**Extracted records**

+---+

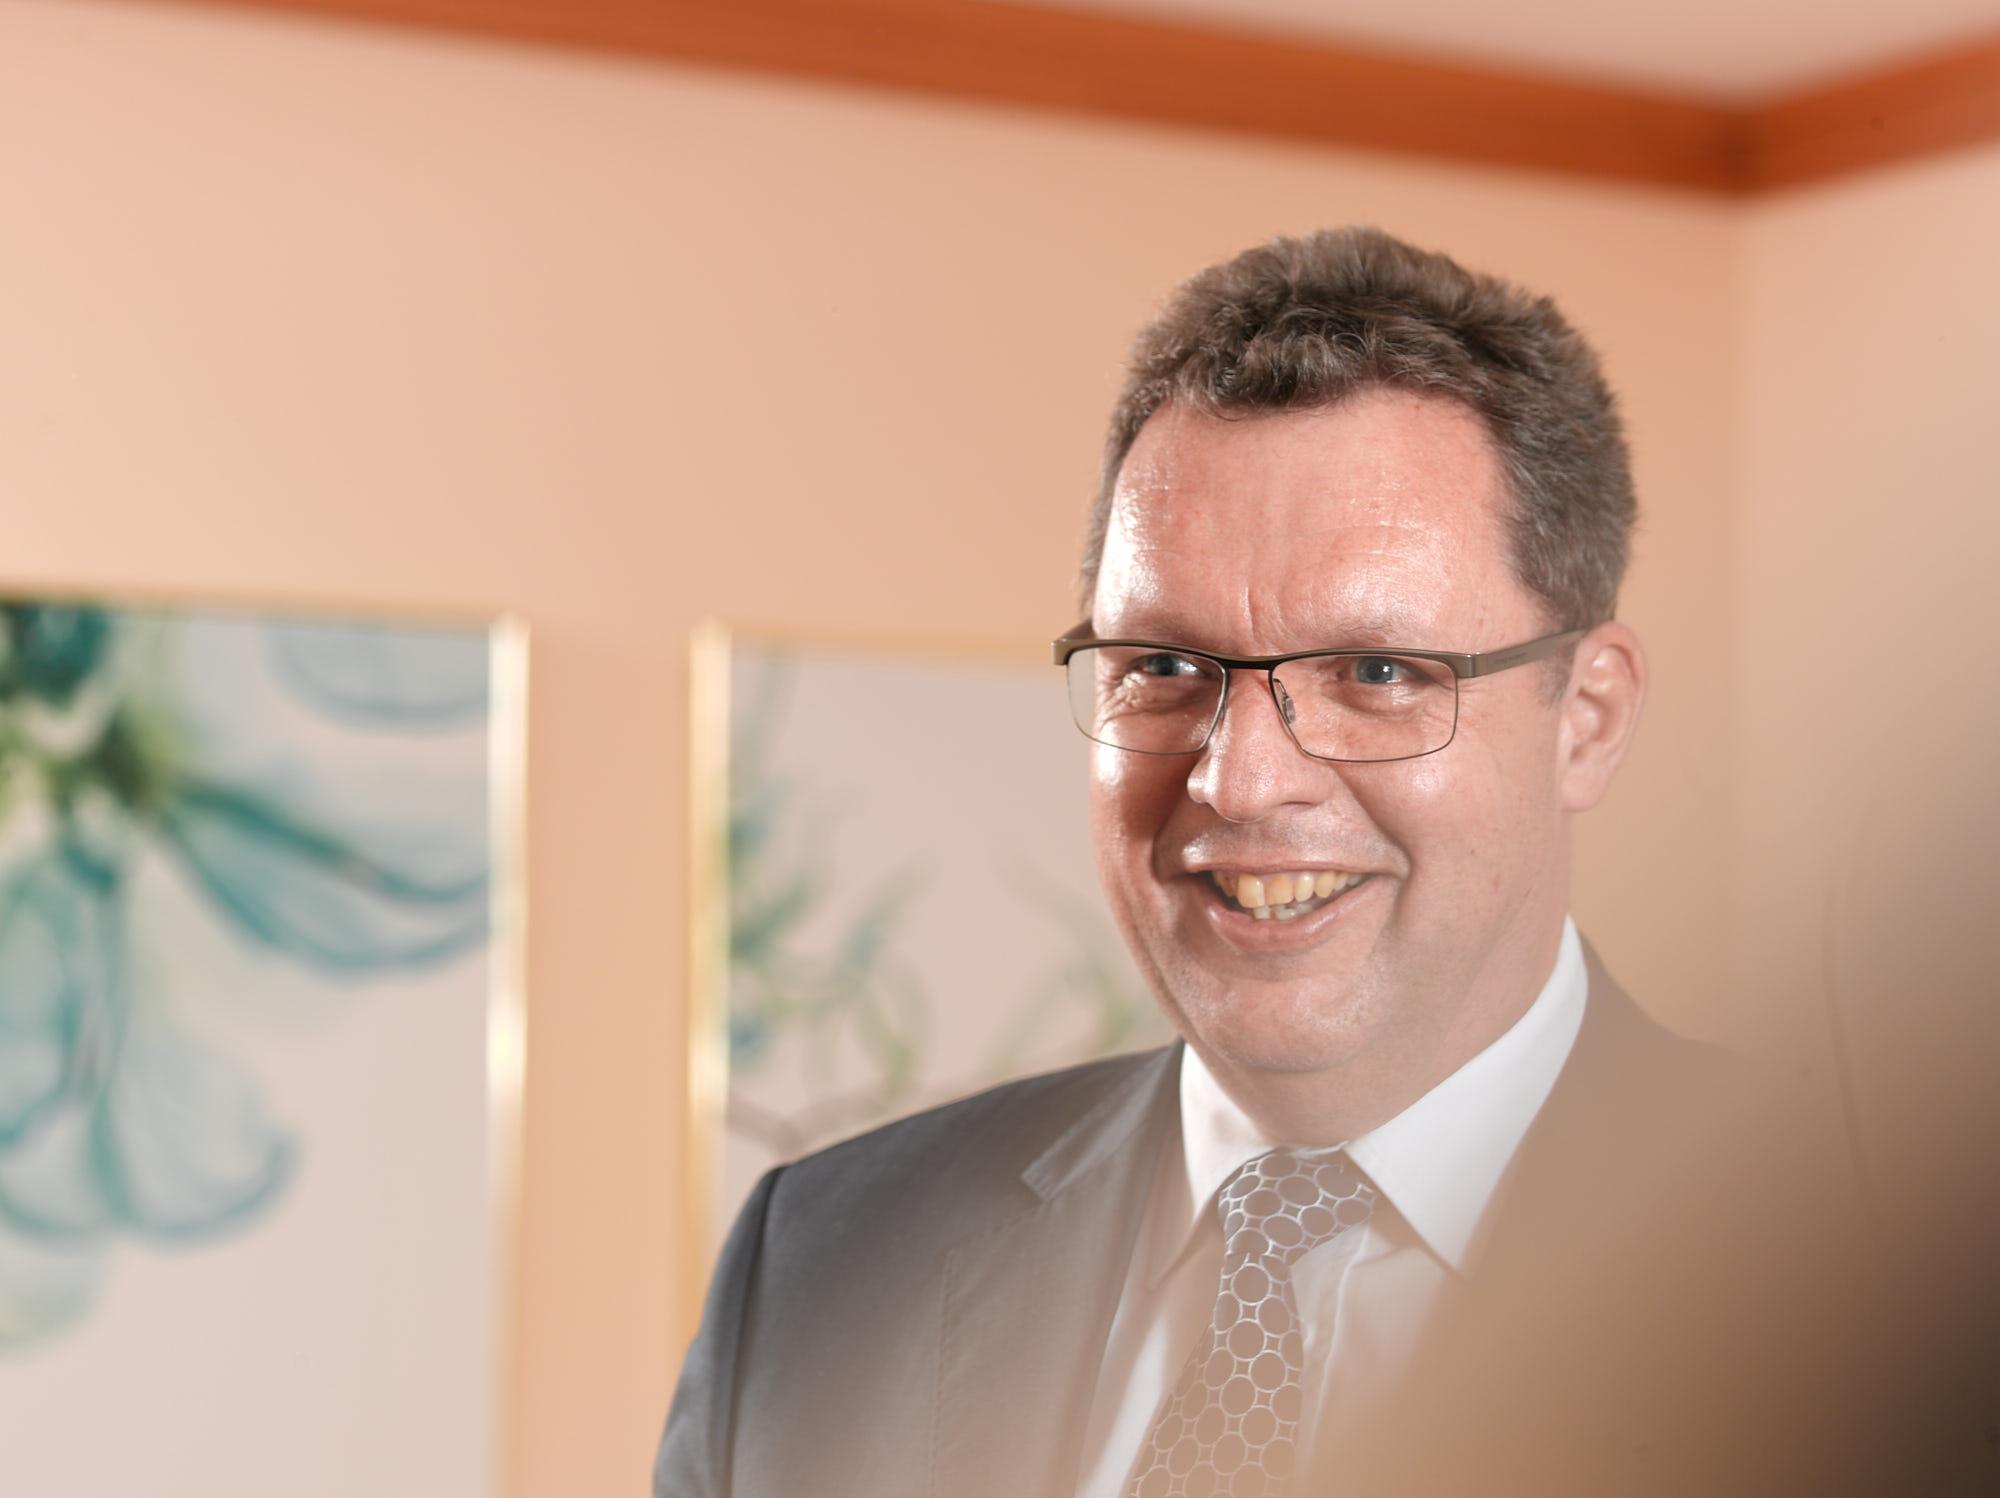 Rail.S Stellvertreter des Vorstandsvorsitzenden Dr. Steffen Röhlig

+---+

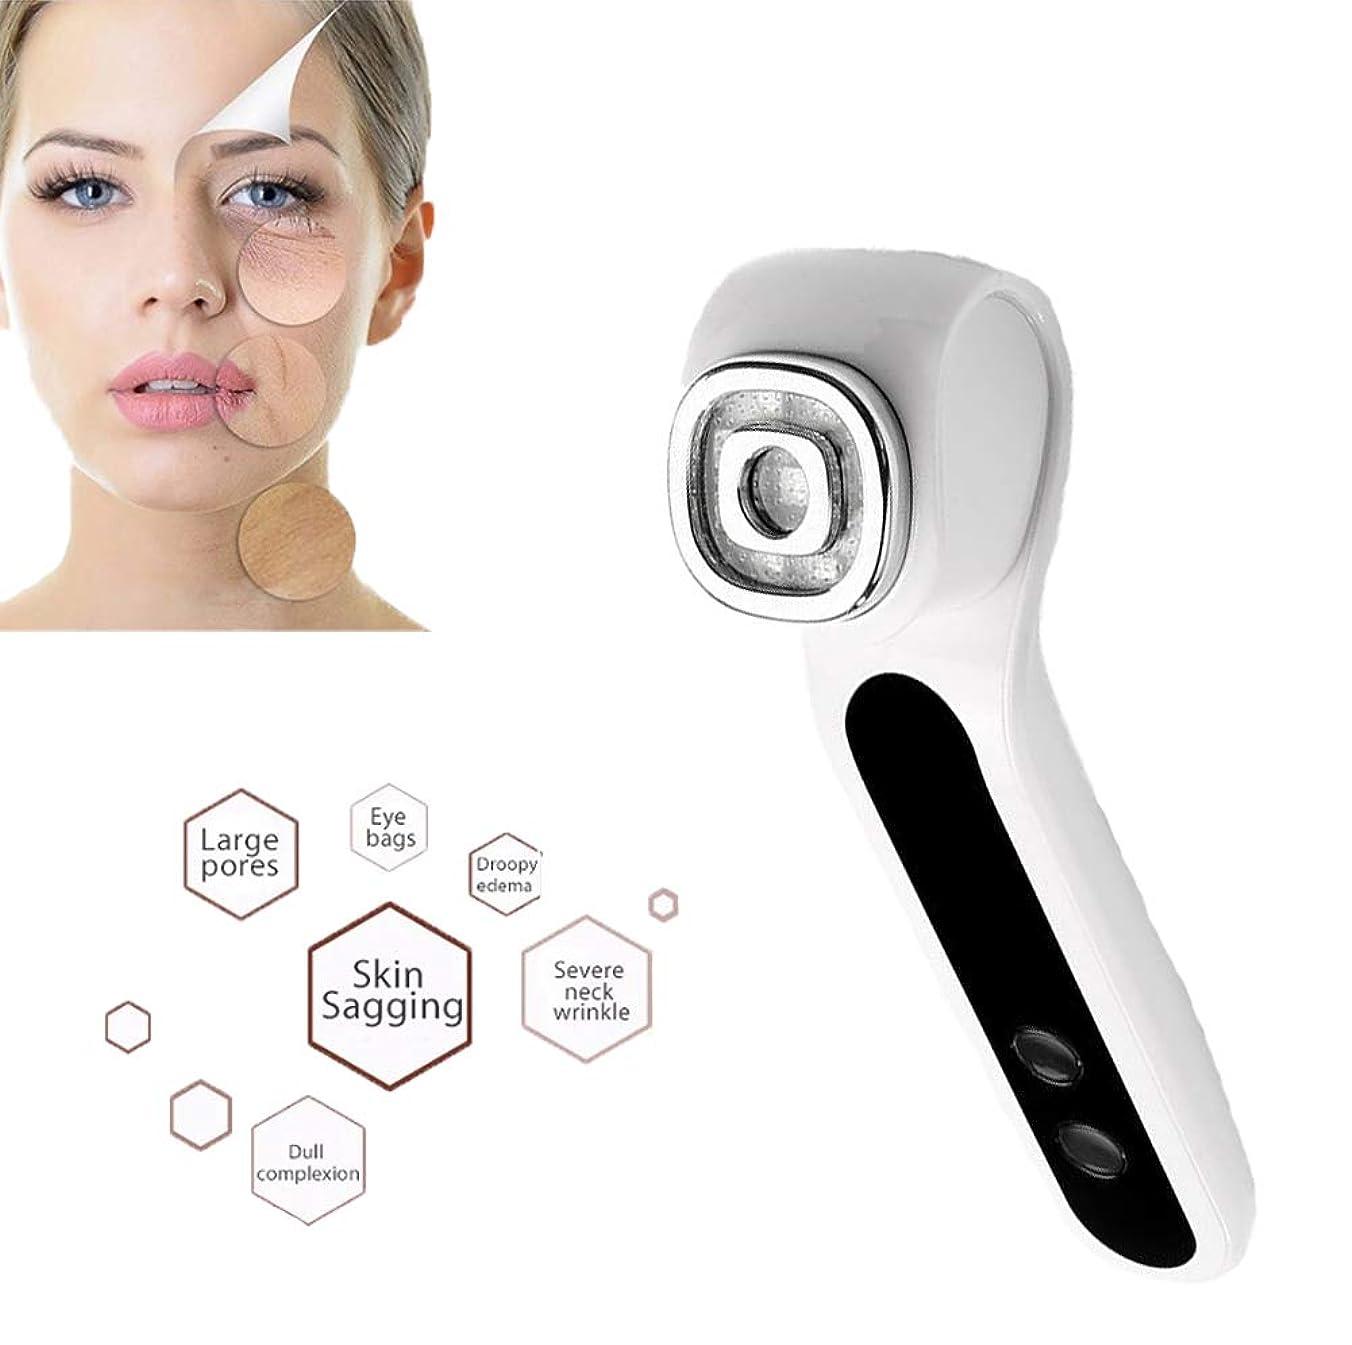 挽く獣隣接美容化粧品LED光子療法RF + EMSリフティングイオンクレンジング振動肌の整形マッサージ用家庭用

+---+

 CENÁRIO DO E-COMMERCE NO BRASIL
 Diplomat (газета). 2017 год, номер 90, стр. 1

+---+

**Work to be completed**
Starting with the line with "CENÁRIO DO E-COMMERCE NO BRASIL" above and going on through the line with "Diplomat (газета). 2017", transcribe every line exactly, both ends included, and add nothing.

**Exercise answer**
 CENÁRIO DO E-COMMERCE NO BRASIL
 Diplomat (газета). 2017 год, номер 90, стр. 1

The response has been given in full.